第563話 おう姉ちゃん、聞きたい事があるんだがよ?

トナリ村の冒険者ギルドで、依頼を終えた冒険者達が受付の前に列を作っている、毎日のおなじみの光景であるが……


そこに一人の男がやってきて、列を無視して横から受付嬢に話しかけた。


男 「おうおう姉ちゃんよぉ、聞きたい事があるんだがよぉ?」


『おい、ちゃんと並べよ!』


並んでいる冒険者達から睨まれるが男は悪びれる様子もない。


男 「悪いなぁ、急ぎなんだ、すぐ済むからよ!」


仕方なく、受付嬢が対応した。


レベッカ 「いらっしゃいませ、冒険者ギルドへようこそ? 本日はどのようなご要件ですか?」


男 「ここに時々マンドラゴラを納品してる奴が居るだろう? そいつが誰か教えろ」


男は、パガルに送り込まれた冒険者である。だが、あまり頭がよくなかったようで、いきなり直接、冒険者ギルドの受付嬢にマンドラゴラの事を尋ねようとしたのだ。


レベッカ 「……失礼ですが?」


男 「あ?」


レベッカ 「失礼ですが?・・・・・・


男 「…おう、失礼だからさっさと答えやがれよ」


レベッカ 「お名前を伺っているのですが? 見かけない方ですが、冒険者ならばギルドカードもご提示願いますね」


男 「俺の事はいいんだよ、いいから質問に答えやがれ!」


レベッカ 「どこの誰かも分からない人に答えられるわけないでしょう」


男 「あんだぁ? ギルドの受付嬢ごときが! 受付嬢は黙って冒険者の言う事聞いてりゃいいんだよ!」


レベッカ 「あなたが冒険者かどうかだって分かりませんから! 名乗りすらしていないのに」


男 「お前…、そんな態度でタダで済むと思うなよ?」


レベッカを睨みつける男。だが、長年荒くれ者を相手にしてきたベテラン受付嬢のレベッカである、そんな事では怯む事はない。

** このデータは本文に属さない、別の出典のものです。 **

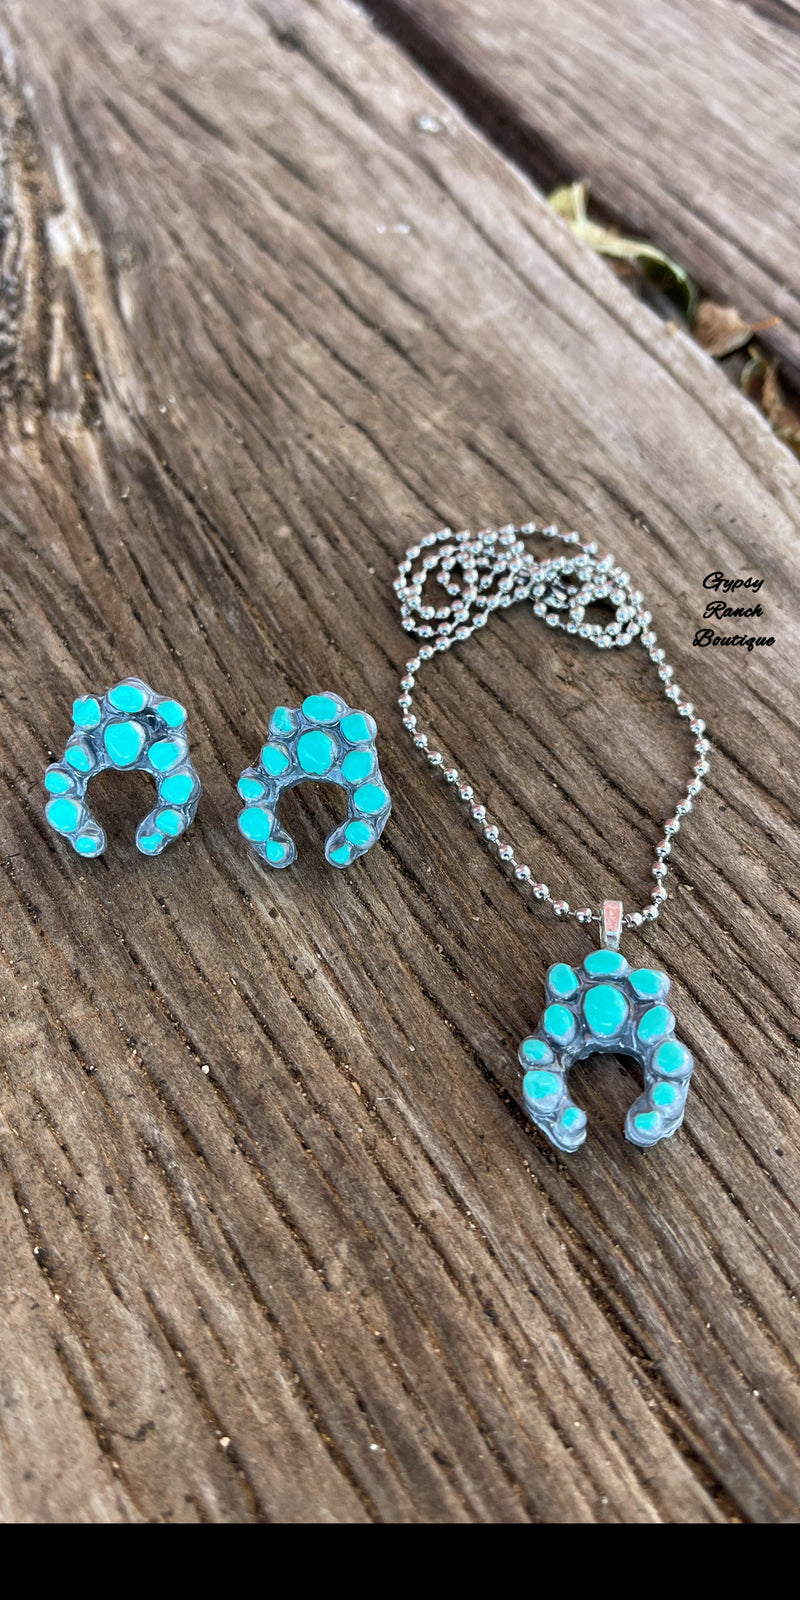 Dainty Turquoise Baby Squash Necklace or Earrings

レベッカ 「冒険者だというのなら、ギルドカードを提示して下さい。そうしたら、ギルド職員として、冒険者として扱ってあげますよ?」


男 「ちっ……」


男は渋々自分のギルドカードを出してきた。


レベッカ 「拝見します。お名前はジョーズさん、冒険者ランクはD、マスジの街の冒険者ギルドで登録なさったんですね」


ジョーズ 「俺の事はいいんだよ! 名乗ったんだから、さっさと教えろ!」


レベッカ 「何をですか?」


ジョーズ 「てめぇ、舐めてんのか! マンドラゴラを納品してる冒険者は誰だって訊いてんだよ!」


レベッカ 「ああ、そうでした。ではお答えいたします。冒険者の個々の仕事内容については守秘義務がありますのでお答えできません」


もちろん、マンドラゴラの納品者はリューである。(最近はレスターが持ってきているが、それはリューの代理だとちゃんとギルドにもリューから話が通っている。)


Sランクの冒険者であるリューならば、この程度の冒険者相手に負ける事はないだろうが、だからといってギルド職員が勝手に情報を漏らすわけにも行かない。


ジョーズ 「てめえ! さっき名乗ったら教えるって言ったじゃねぇか! 騙したのか?!」


レベッカ 「騙してなどいません、冒険者である事が証明されたら、冒険者とギルド職員の関係として対応すると言っただけです。ですからギルドのルールに則って、お教えできませんとお答えさせて頂いただけですが、何か?」


ジョーズ 「舐めた事言いやがって……タダで済むと思ってるのか?」


レベッカ 「あなたも冒険者なら、ギルドの職員に暴行などしたらどうなるか分からないわけでもないでしょう? 謹慎処分にランク降格、場合によっては冒険者資格の剥奪もありますが?」


ジョーズ 「てんめぇこそ分かってんのか? 明るい月夜の晩ばかりじゃねぇんだぜ? せいぜい帰り道には気をつけるんだな!」 


だが、その時、ジョーズの肩をポンポンと叩く手が。


『お前こそ、気をつけろよ? 宿で寝ている間に襲われて、犯人が見つからないなんて事になるかも知れんぞ?』


ジョーズが振り返ると、怒気を放つ冒険者達に取り囲まれていた。さすがにジョーズの受付嬢に対する脅迫は度を越しており、馴染みの冒険者達が黙っていなかったのだ。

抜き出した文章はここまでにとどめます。